TASK OBJECTIVE:
The copy you give must match the listing below exactly and contain no pictures.

COLLECTED DATA:
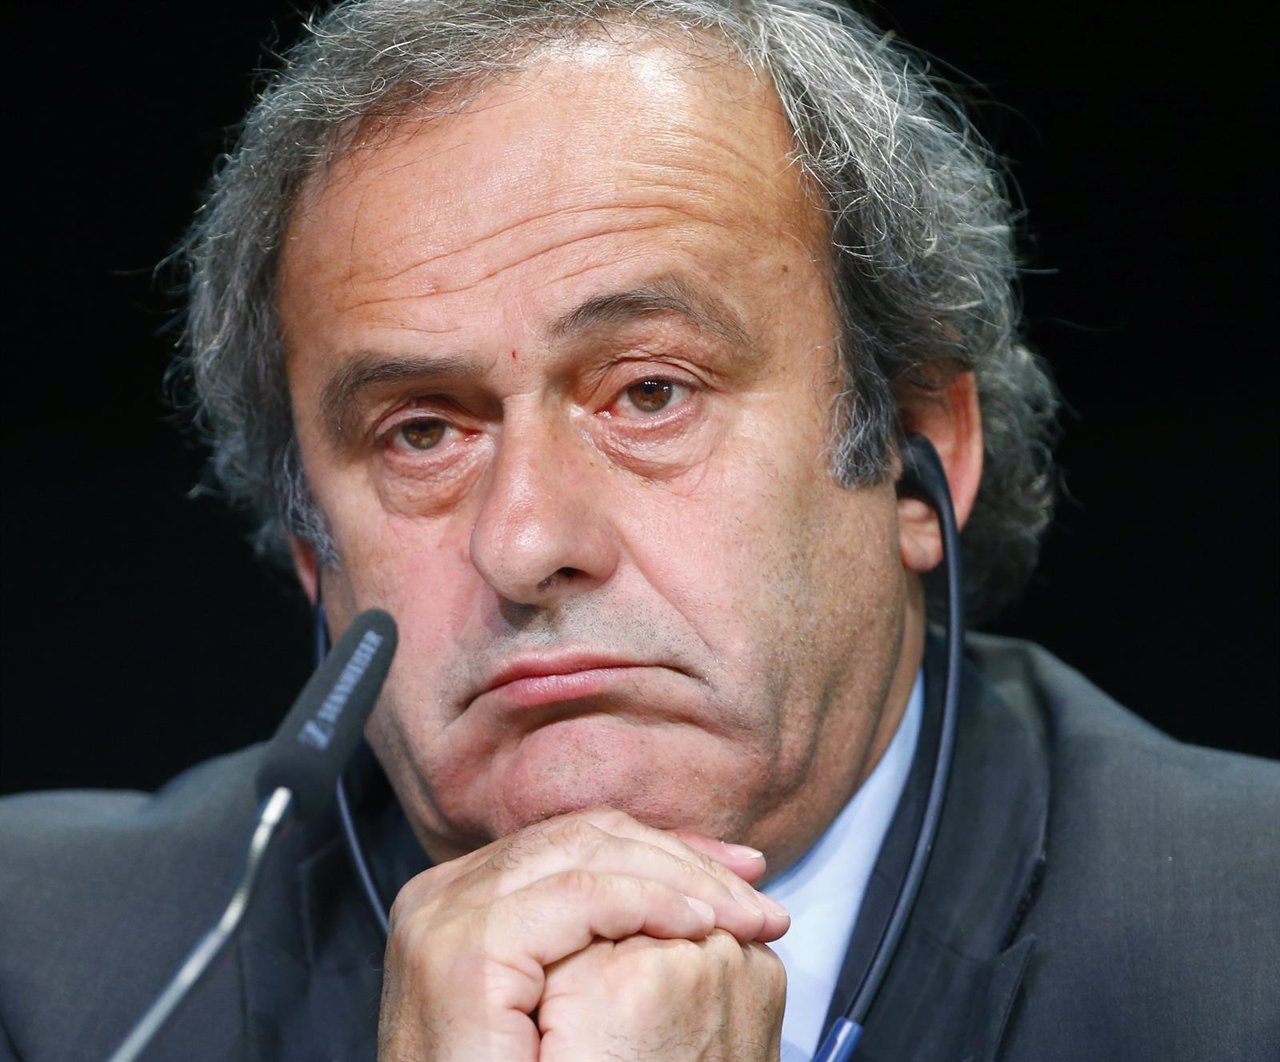 UEFA President Platini addresses a news conference after a UEFA meeting 
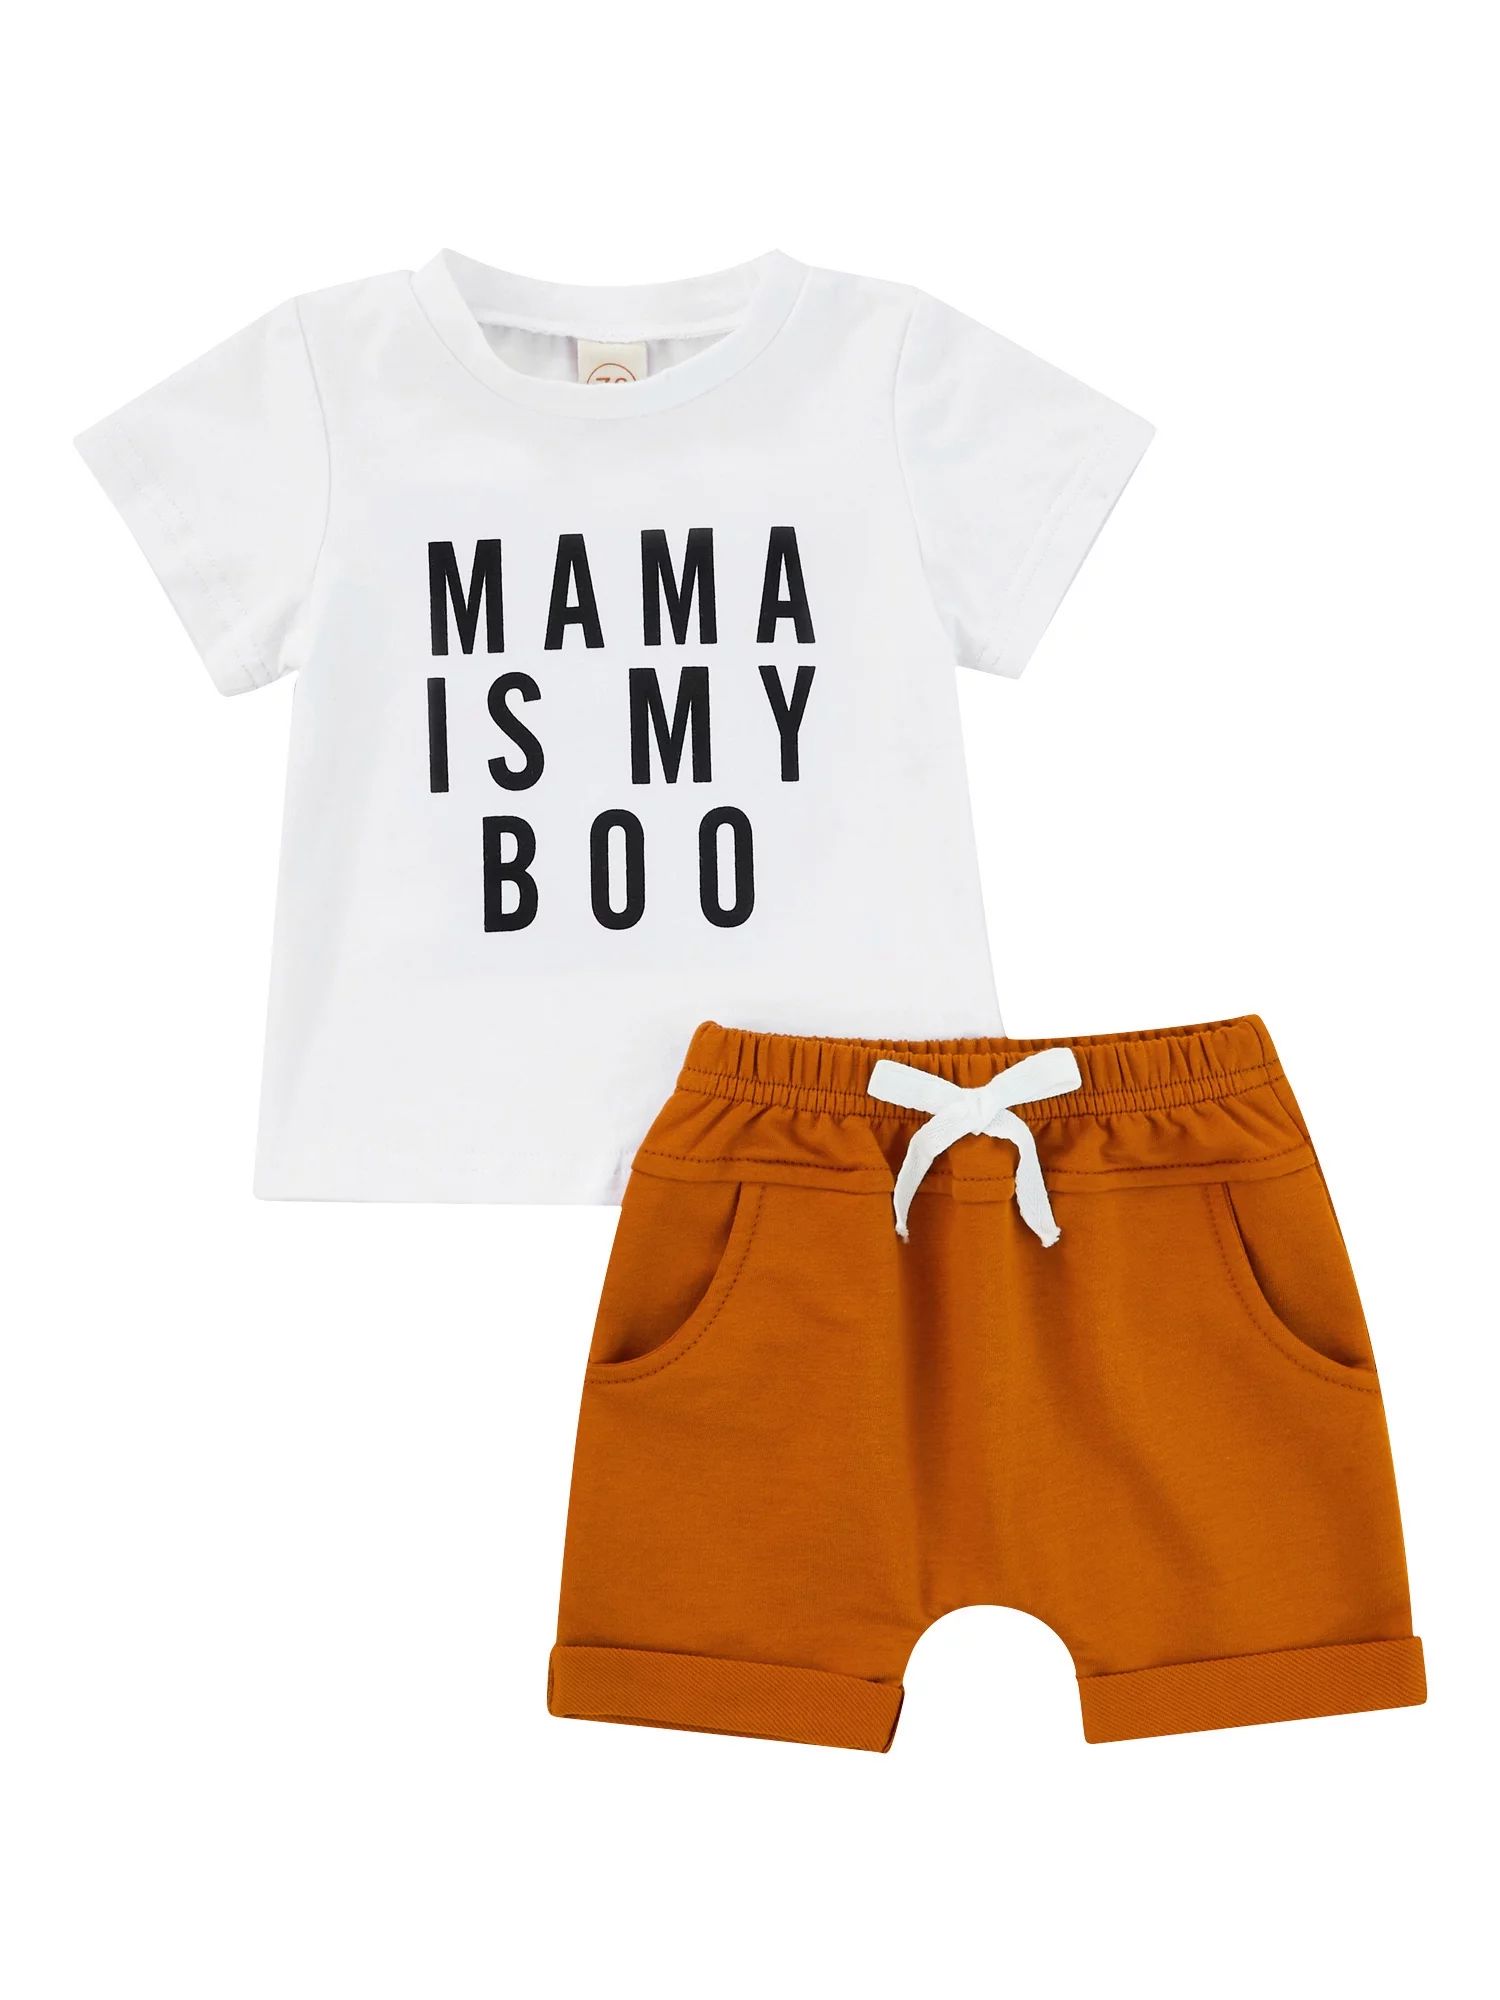 TheFound 2pcs Infant Baby Boys Causal Clothes MAMA IS MY BOO Short Sleeve T Shirts+Elastic Solid ... | Walmart (US)
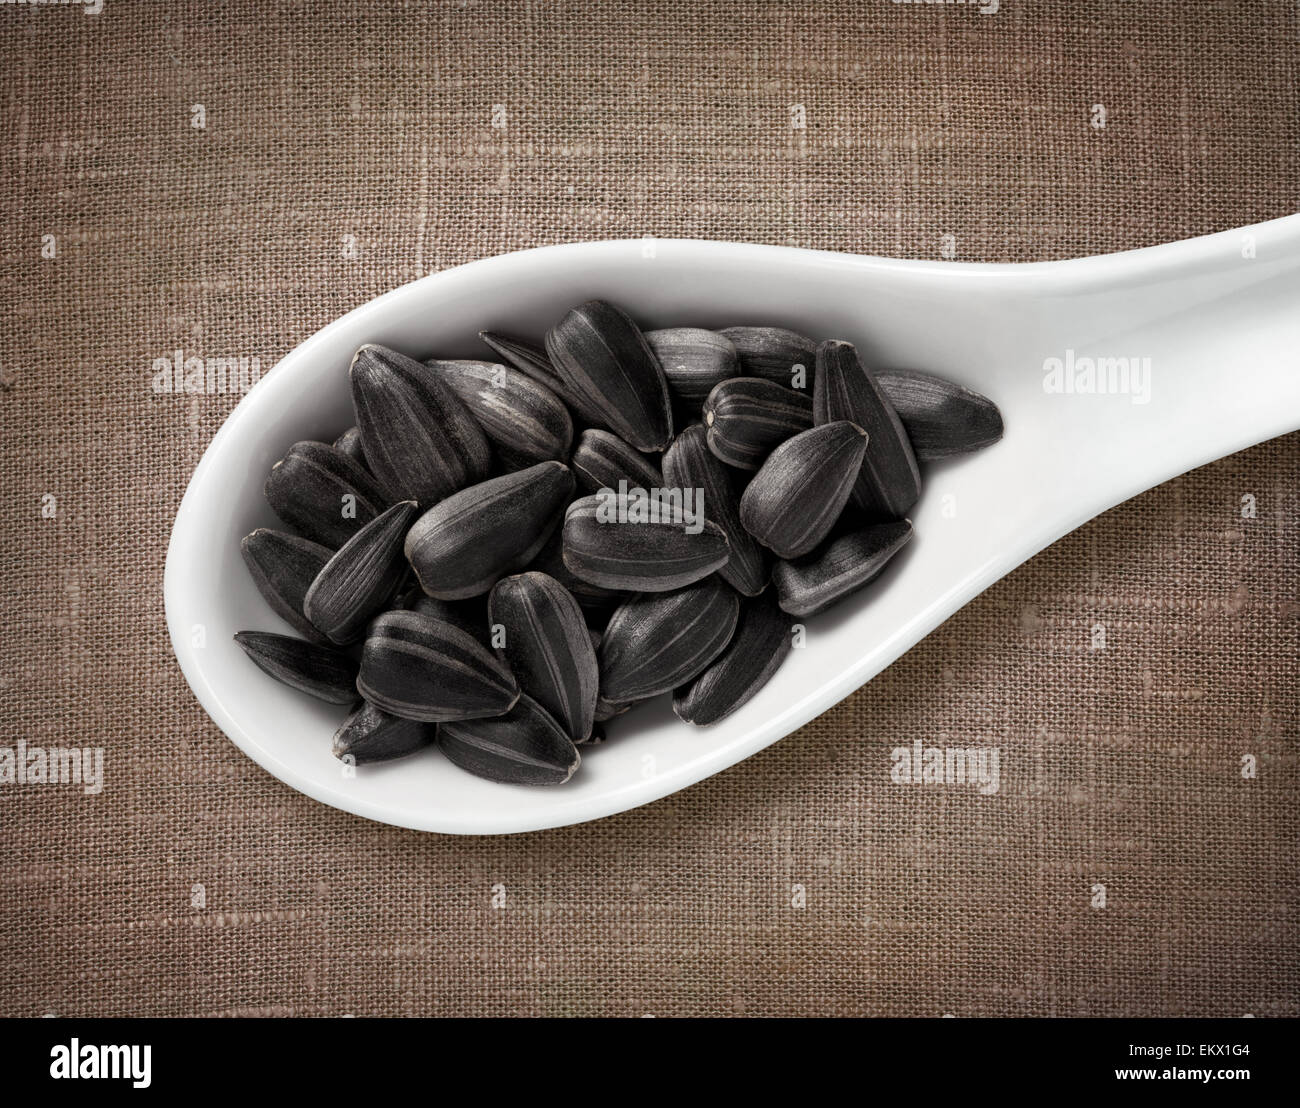 Black sunflower seeds in white porcelain spoon / high-res photo of grain in white porcelain spoon on burlap sackcloth background Stock Photo
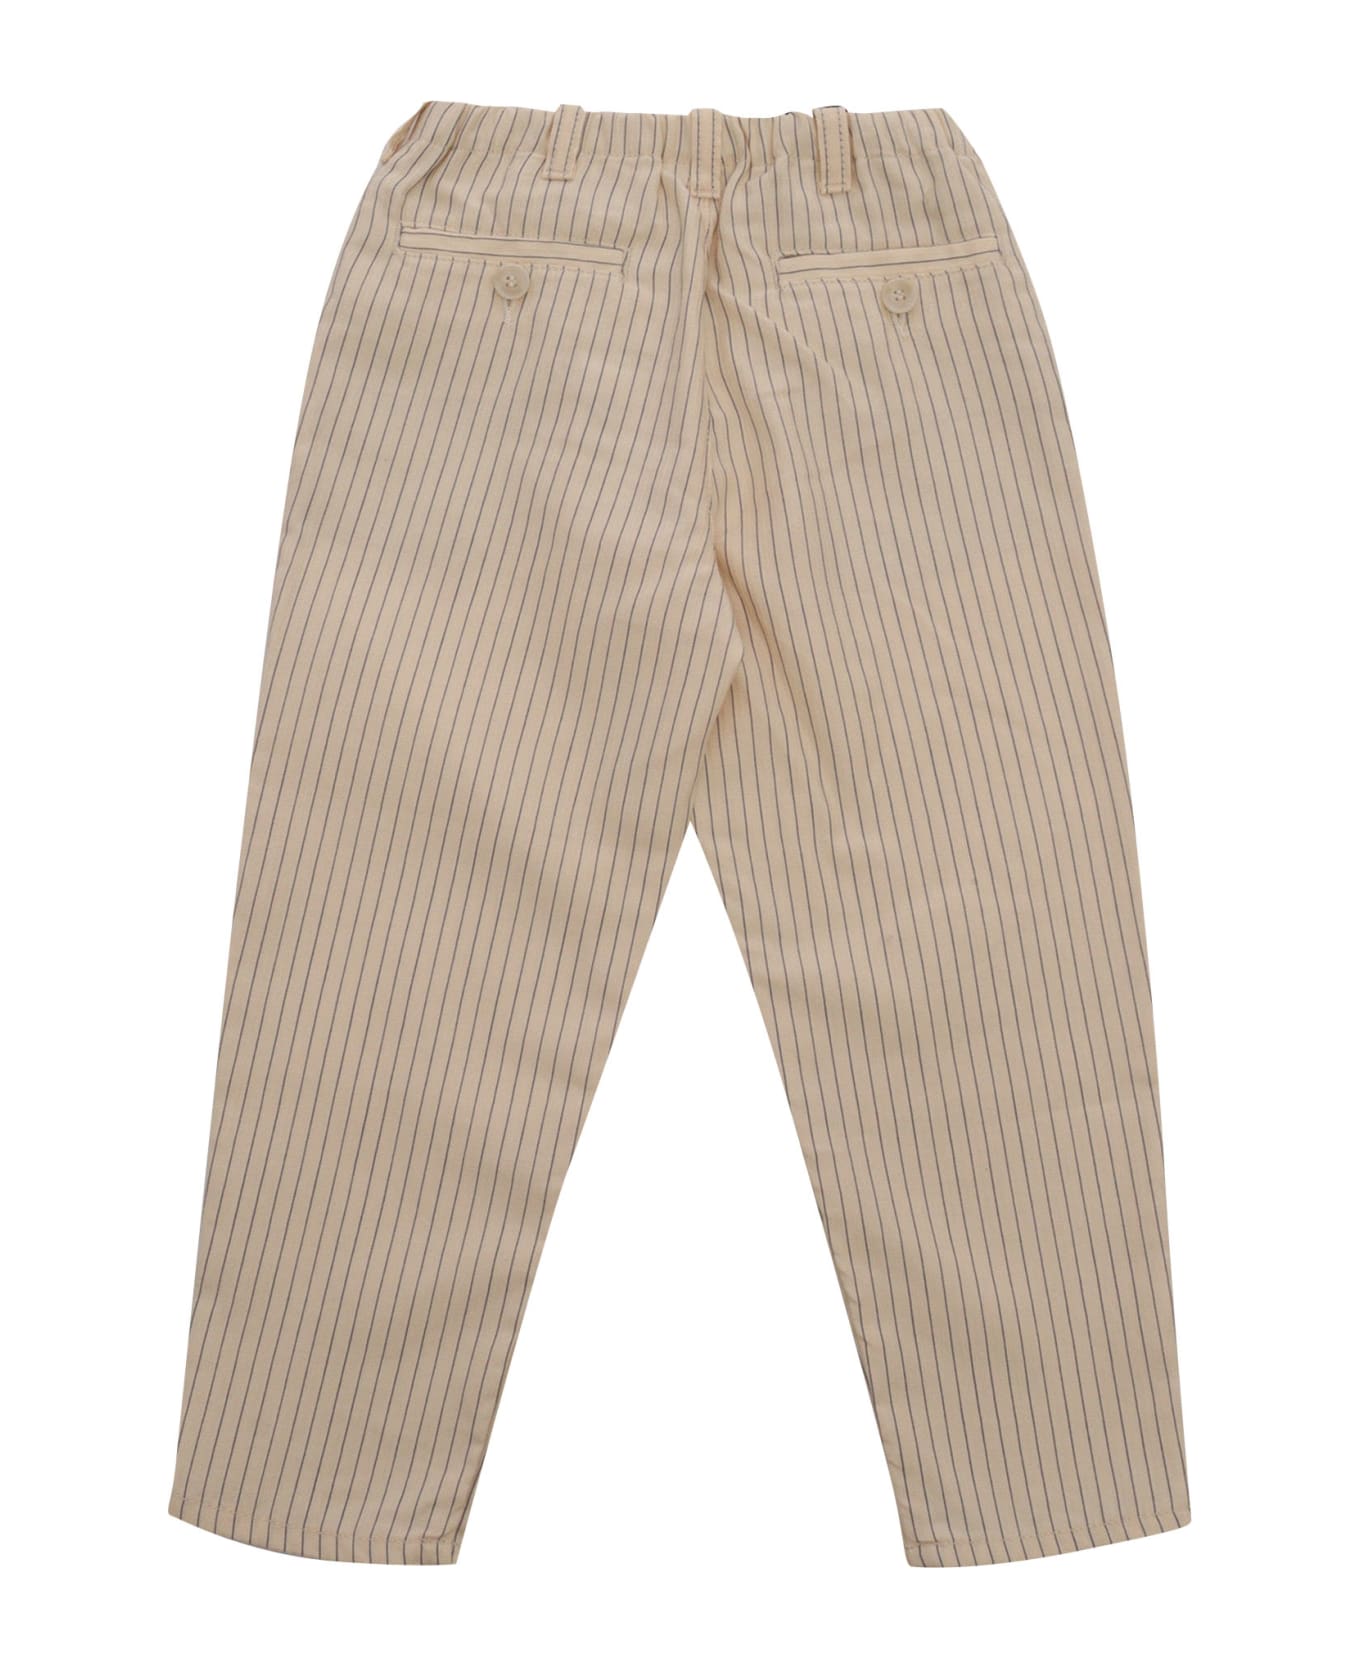 Emporio Armani Beige Trousers With Striped Pattern - BEIGE

RESPONSE TO THIS EXERCISE:
 UEFA President Platini addresses a news conference after a UEFA meeting 
 TheFound 2pcs Infant Baby Boys Causal Clothes MAMA IS MY BOO Short Sleeve T Shirts+Elastic Solid ... | Walmart (US)
 Black sunflower seeds in white porcelain spoon / high-res photo of grain in white porcelain spoon on burlap sackcloth background Stock Photo
 Emporio Armani Beige Trousers With Striped Pattern - BEIGE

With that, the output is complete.